= 2015 Cricket World Cup opening ceremony =

Cricket World Cup opening ceremony fireworks, Christchurch

The opening ceremonies of the 2015 Cricket World Cup took place in New Zealand and Australia on 12 February 2015, the eve of the beginning of the World Cup hosted by them after 23 years. Two ceremonies took place at the same time, one in North Hagley Park, Christchurch in New Zealand while the other in Melbourne, Australia. Thousands of fans turned up to watch the opening ceremony in both locations. It was the largest event hosted by Christchurch since the deadly 2011 Christchurch earthquake.

==Performances==

There were performances showcasing the culture of each of the participating nation at both the venues.

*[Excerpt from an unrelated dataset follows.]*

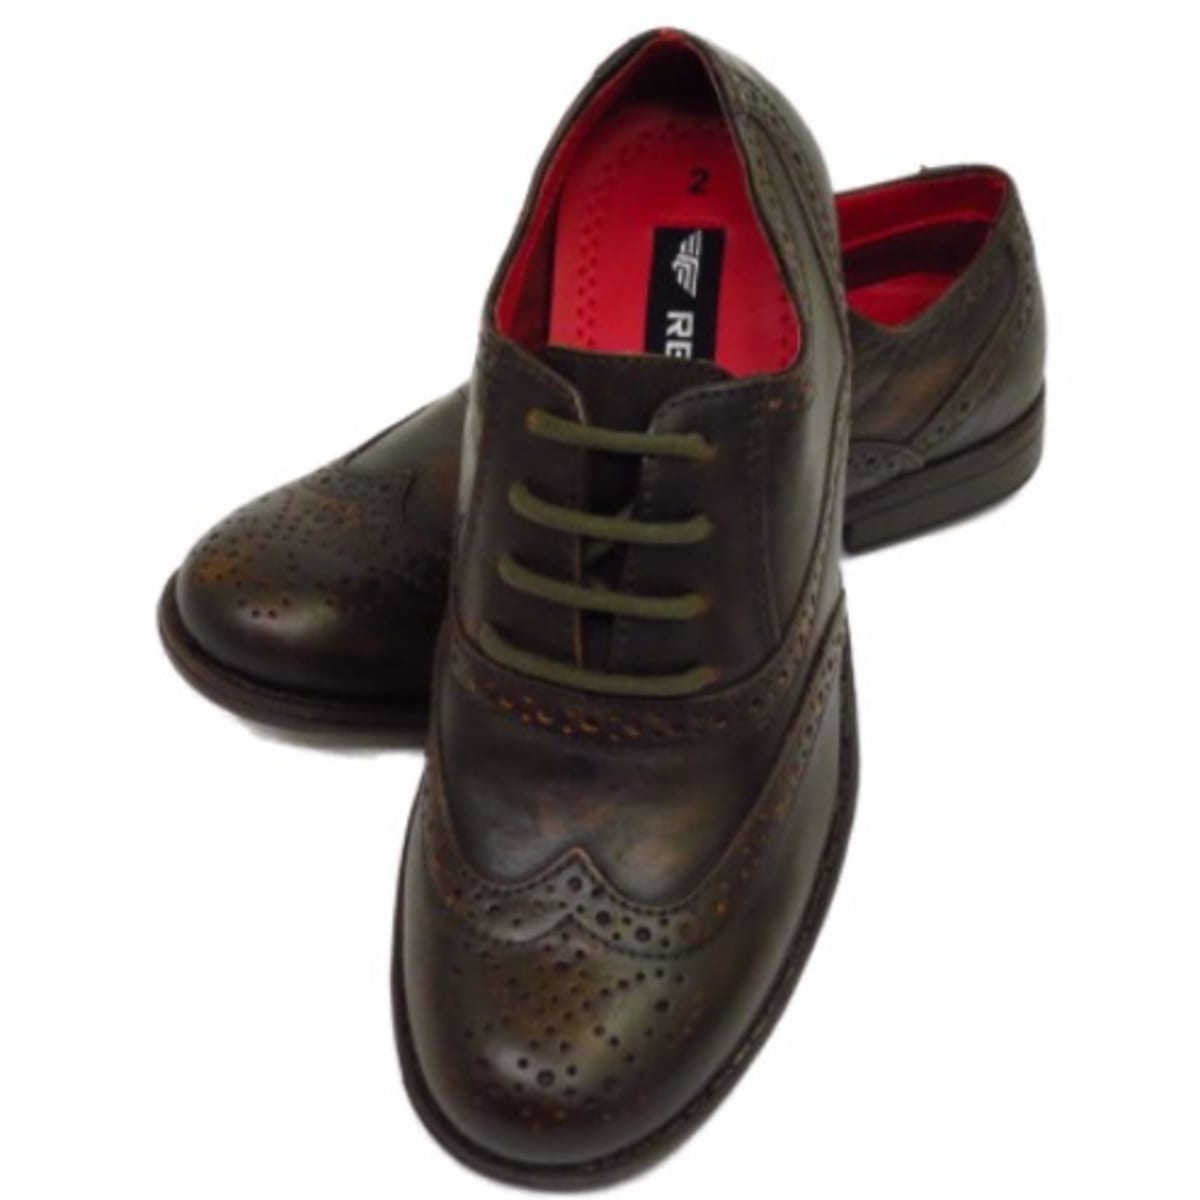 Men's Casual Fashion Business Suede Leather Shoes | Suede leather shoes,  Mens fashion casual, Dress shoes men

These included the following:

===At Christchurch===
- Performance by a Maori troupe.
- Solo musical performances by popular Kiwi singer Hayley Westenra.
- Performances by popular New Zealand musical band Shapeshifter.

===At Melbourne===
- Kandyan dance performance by a Sri Lankan troupe.
- Performance by a British Bagpiper.
- An Irish River Dance performance.
- Performance by Pakistani artists of the popular anthem Jazba Junoon.

==Notable guests==

===At Christchurch===
Apart from the performing singers, some notable guests were also present in the event at Christchurch like Mayor of Christchurch Lianne Dalziel, Prime Minister of New Zealand John Key, All Blacks captain Richie McCaw, Hollywood director Peter Jackson, cricketers Lasith Malinga, Brendon McCullum, AB de Villiers and the other members of the New Zealand, Sri Lanka, South Africa and Zimbabwe cricket teams playing in the tournament. There were also some former cricketers present there, namely Chris Harris, Rod Latham, Geoff Allott, Stephen Fleming and Richard Hadlee.